Слабо освещенные коридоры, позолота рам, галерея, покосившийся пол… "Непрерывные реквизиции"… Скорее, скорее в постель, лечь! Анна-Мария погасила свет, натянула одеяло… И тут ее слуха коснулся тонкий, протяжный звук… так звенит под пальцами струна, долго, долго… Комар! Комары! Да разве тут уснешь? Анна-Мария зажгла свет, взяла книгу… Где сейчас Селестен? Где он ночует? Неужели он спит на той кровати с колоннами, среди всего этого кошмара?.. Зачем она согласилась приехать? Что ждет ее в доме Селестена?.. Парализованная мать… Деревня… Никого вокруг… Комары.

XXIII

Бывают машины суетливые, нервные, от них можно ждать чего угодно. Но эта машина двигалась быстро и спокойно, уверенно делая сто километров в час. Небо над гарригой было все такое же синее, мистраль стих.

- У нас комаров нет. Вы будете отдыхать спокойно, спать хоть двое суток подряд. Надеюсь, дом не покажется вам слишком неудобным.

Они ехали гарригой, без конца, без края.

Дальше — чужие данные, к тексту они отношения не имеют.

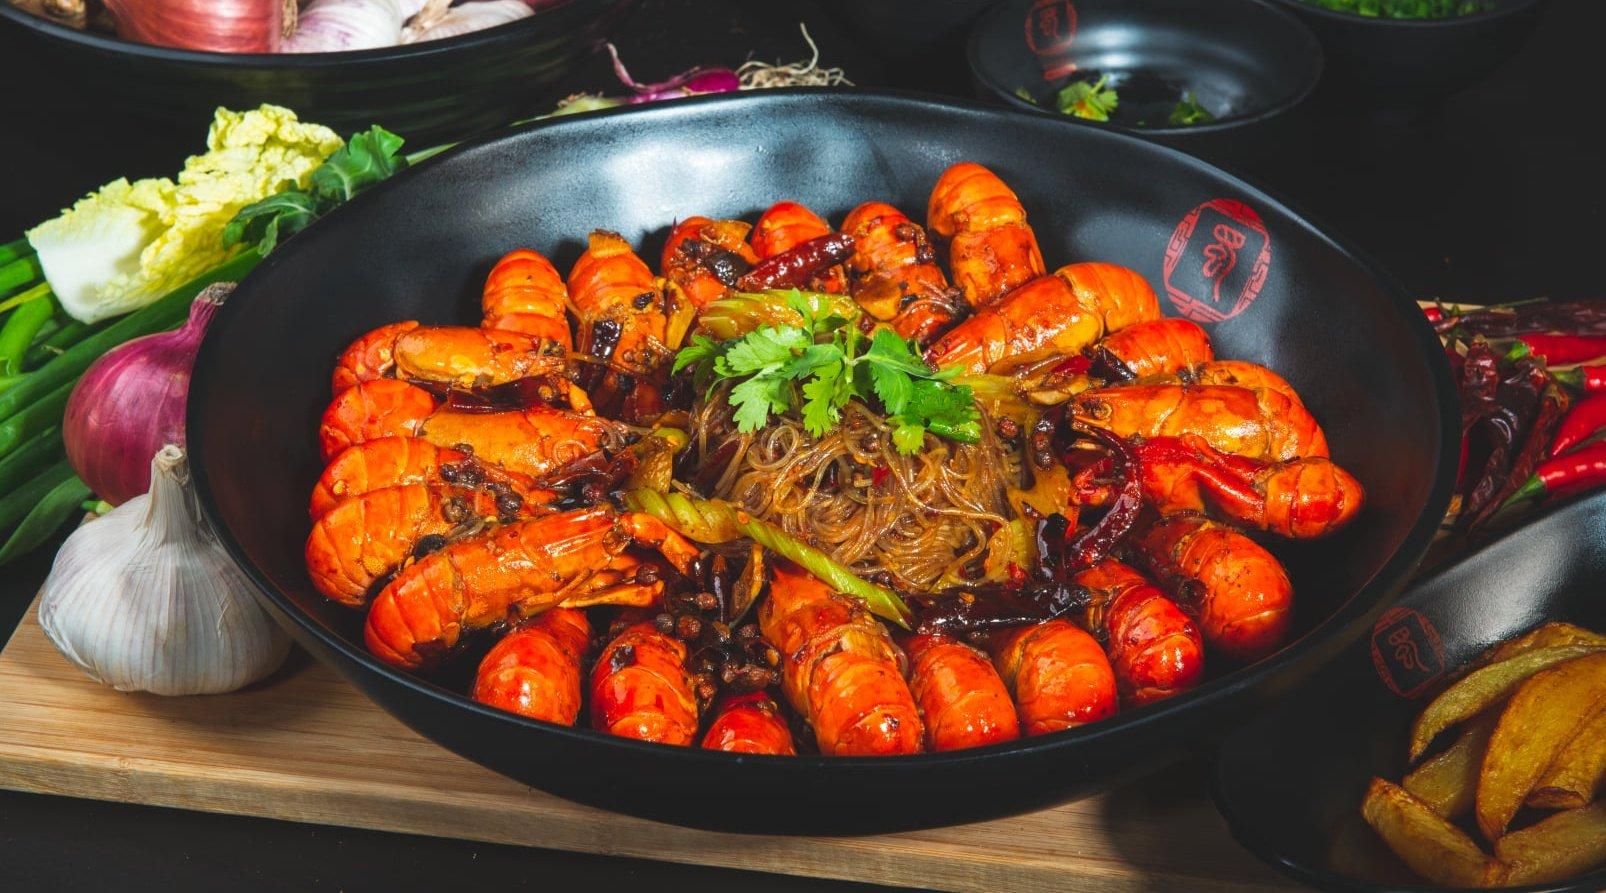 SHU Spicy Pot 蜀麻辣香锅 - Publika-麻辣小龍蝦|1 公斤
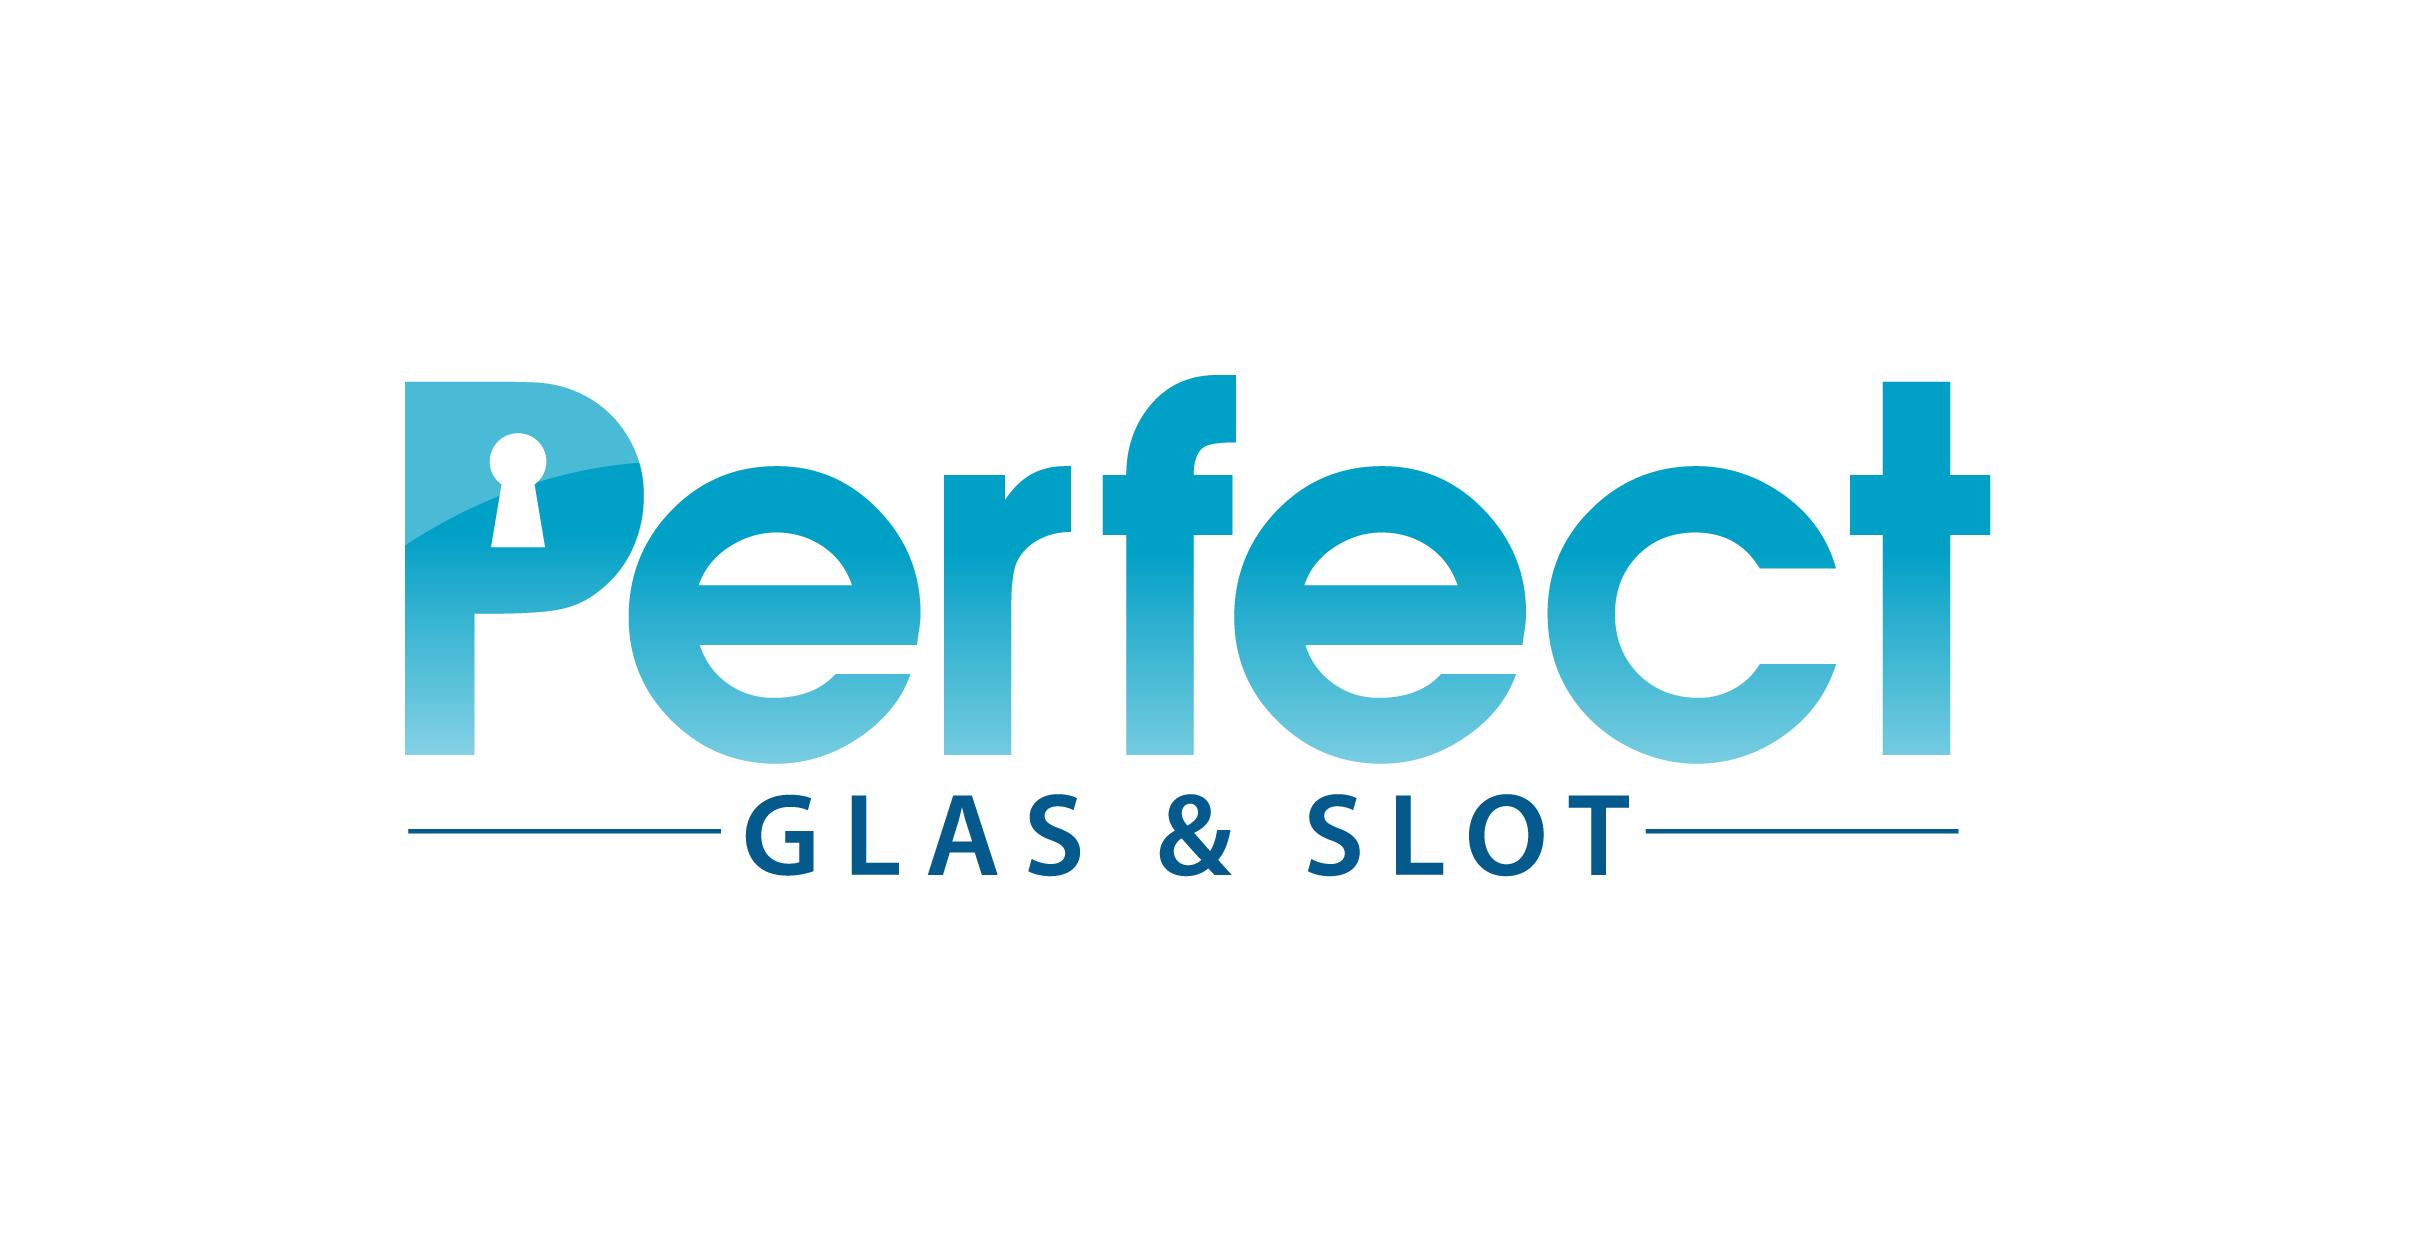 Glas & Slot

Изредка попадались деревни, утопавшие в зелени платанов. У Анны-Марии было такое ощущение, будто она не приближается к чему-то, а наоборот, удаляется от всего, оставляет все позади себя. Гаррига становилась все пустыннее, словно ничто живое не могло сюда добраться. Но вот машина пошла на подъем. Пейзаж разворачивался веером, все шире и шире. Теперь они свернули с большой дороги. Шинам доставалось на острых камнях, а машина все поднималась и поднималась. По гребням холмов, как по волнам, уходили вдаль замшелые пробковые дубы, низенькие стены - серые камни, наваленные друг на друга, - тянулись без толку, ничего не отгораживая, ничего не окружая… Линия горизонта описывала почти полный круг.

На плоской низине под дорожной насыпью стояла затерянная в этом неизмеримом просторе, среди холмов, солнца и синего неба маленькая квадратная крепость. Серые зубчатые стены, в одном углу - башня. С пригорка, за серыми стенами виднелись черепичные крыши, тоже серые, похожие на рыбью чешую. Позади крепости росли три черных кипариса, прямые, как пики, и тонкие, как прутья.

- До чего хорошо! - воскликнула Анна-Мария.

Воздух был упоительно чист.

- Не подумайте, что это замок, это всего лишь укрепленная ферма, - с гордостью предупредил Селестен.

Он дал гудок, оповещая о своем прибытии всю округу.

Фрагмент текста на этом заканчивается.